An additional consideration is that many more types of compounds are emitted into or formed within the atmosphere than can be represented explicitly in practical modeling applications, which makes some degree of aggregation or lumping necessary. This requires (1) developing mechanisms for lumped model species to represent a range of chemically similar compounds and (2) developing rules for assigning these model species to specific compounds. The mechanisms for lumped model species could be based on those derived for selected representative compounds, or they can be constructed manually based on general considerations. The former approach has the advantage that mechanisms for individual compounds can be evaluated using experimental data since experiments cannot be carried out with lumped model species. In any case, the optimum set of lumped model species and the rules for assigning compounds to them will depend on the model application. Lumping approaches for most current mechanisms used in predictive models are generally based on considerations of O3 predictions, which are not optimal for predicting SOA and other secondary pollutants.
Both strategies generally imply a sequence of similar steps to build high-quality chemical mechanisms that can be applied to a range of chemical systems and research questions (Sect. 3). The underlying research questions determine the focus and its potential importance. For example, a high-molecular-weight VOC present in low concentration may have a limited effect on controlling OH reactivity and secondary ozone formation, but it might be key for new particle formation.
These strategies, as highlighted in Figs. 1 and 2, are not exclusive but rather complementary. They have some fundamental principle elements in common, namely (i) the need for fundamental chemical databases; (ii) mechanism generation, which may include the development and use of SARs and/or parameterizations; (iii) reduction in the mechanism to a manageable size and/or a specific focus; and (iv) evaluation to ensure robustness and accuracy (Fig. 3). Assessments of predicted differences from models using mechanisms based on the two approaches in Fig. 1 may eventually lead to the identification of uncertainty and knowledge gaps that warrant further research. However, this requires that each individual step (or even intermediate steps) be carefully performed, taking advantage of and combining insights from various research activities (Sect. 4).

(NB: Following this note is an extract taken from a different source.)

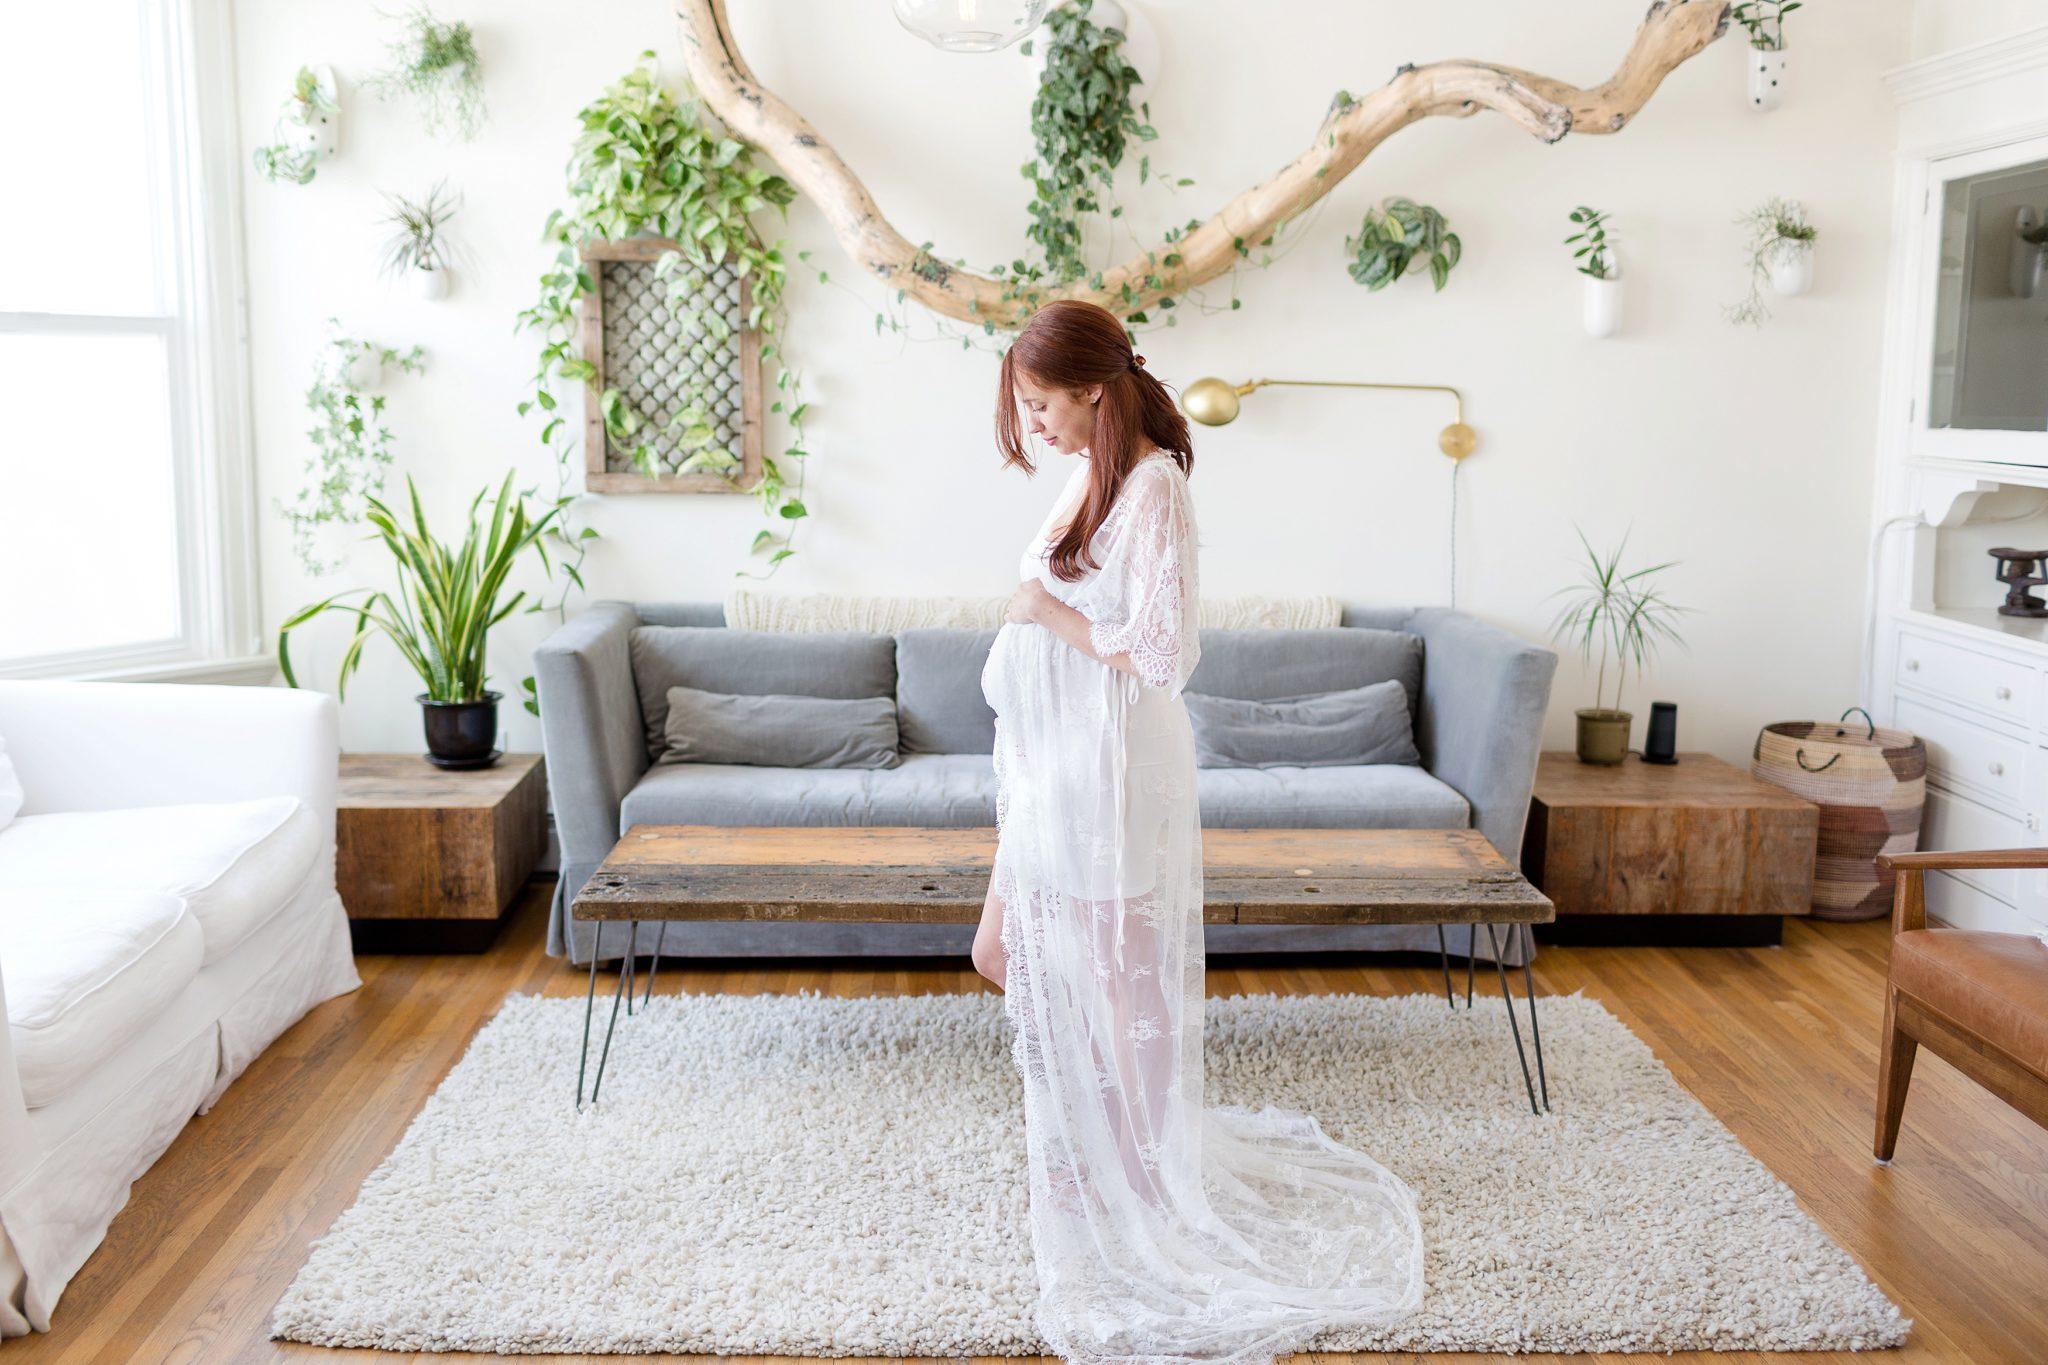 kyla_maternity_gallery_10

Thus, a delicate balance between completeness and practicability should be the target so that models maintain their utility for users and stakeholders, including policymakers, while enabling easy and transparent incorporation of the most up-to-date information on the underlying chemical processes.
Developments during the last decade in terms of targeted cheminformatics methods based on data mining, machine learning, data assimilation and/or similar mathematical approaches may provide new opportunities for developing reduced mechanisms or optimizing lumping approaches. These will ultimately and efficiently lead to reliable modeling tools integrating the data from a range of concerted research activities.

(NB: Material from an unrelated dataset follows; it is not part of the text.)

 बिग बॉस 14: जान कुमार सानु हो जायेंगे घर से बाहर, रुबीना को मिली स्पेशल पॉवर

In general, mechanism development should follow five iterative steps, as outlined in Fig. 3 and the subsections below, in order to build robust, reliable state-of-the-art chemical schemes.
3.1 Data compilations and evaluations
Over the past ∼ 50 years, a rich suite of experimental and theoretical techniques has been developed and employed to provide kinetic and mechanistic data for key gas-phase, heterogeneous and aqueous-phase processes. This has resulted in extensive atmospheric chemical kinetic databases that contain literature data for several thousand processes and continue to grow, with approximately 100 new papers each year. The gas- and solution-phase NIST Chemical Kinetics Databases (Manion et al., 2015), MPI-Mainz UV/VIS Spectral Atlas (Keller-Rudek et al., 2013) and Henry’s Law Constants database (Sander, 2023) are regularly updated online compendia of reaction kinetics that are extremely valuable. However, they do not provide expert evaluation of the measured data and thus do not provide recommendations.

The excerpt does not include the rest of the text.